Alexandre Dupeyron: The identify Dysnomia operates on a number of ranges. Astronomically, it’s the moon of the dwarf planet Eris. In Greek mythology, Dysnomia is the goddess of anarchy and chaos, which actually echoes a few of my previous sequence. And lastly, medically, dysnomia is a type of aphasia, the shortcoming to seek out the precise phrase for a well-recognized object. This “trouble of naming” completely echoes the questions driving my work: What is true? Is actuality what my eyes see, or what the digicam permits me to see?

From the sequence Dysnomia (ongoing). Courtesy: Alexandre Dupeyron.

But again to the venture itself. When I used to be engaged on my first photobook, which was initially designed to current my Runners of the Future sequence, I grew to become sad with the place I used to be going, though this sequence was fairly straightforward to put out in a ebook. But I wished my first photobook to realize one thing extra bold, to change into a whole conceptual system.

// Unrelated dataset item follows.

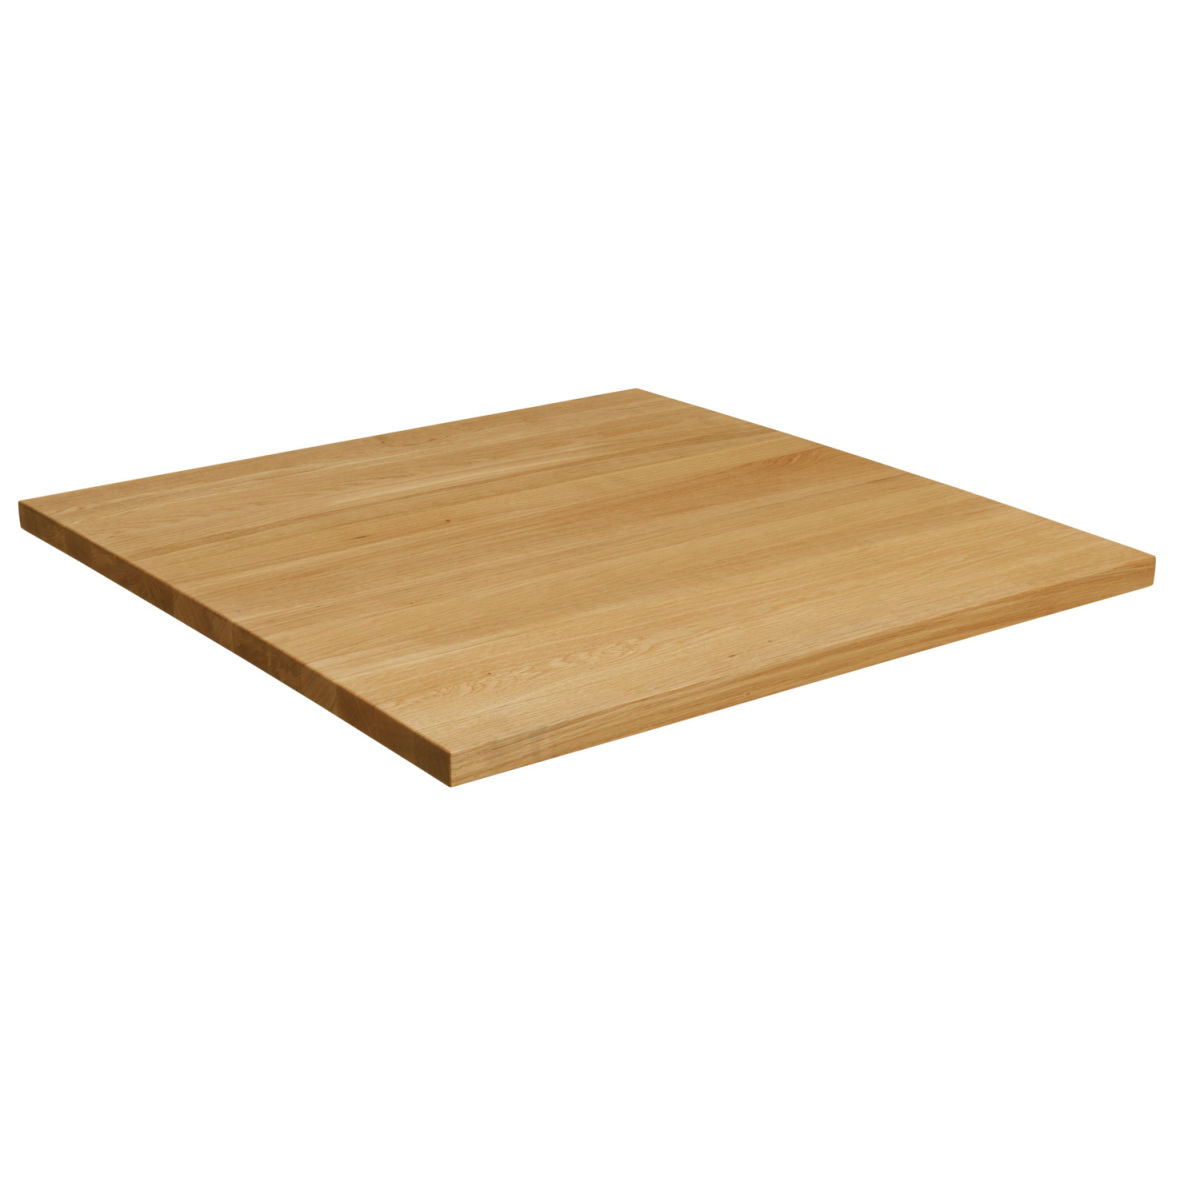 vega piano tavolo legno massello kentucky quadrato ; 80x80x3 cm (lxlxh); quercia/naturale; quadrata donna

It dawned on me, with the assistance of my editor, that the works I had beforehand accomplished have been all linked. So I flipped again and went by all my works in the hunt for a throughline. I wanted a bigger structure to carry them collectively. This is how Dysnomia was born.

From the sequence Dysnomia (ongoing). Courtesy: Alexandre Dupeyron.

Dysnomia is a journey that goes from the unique matter (the primordial bricks intrinsic to every part on Earth) to modernity’s hyperobjects and loops again to matter. Hence, a cloud or a chunk of bark turns into uncooked matter caught between two states.

Narratively, Dysnomia maps an unlimited cycle. It is structured round three ontological questions: Where will we come from? What are we? Where are we going? The journey opens with primordial matter representing creation. It then jumps into the frenetic, crushing tempo of modernity, notably utilizing my Runners of the Future archives. Finally, it loops again to the earth by my Mondes Oubliés sequence, the place I search for human shapes hidden in pure types.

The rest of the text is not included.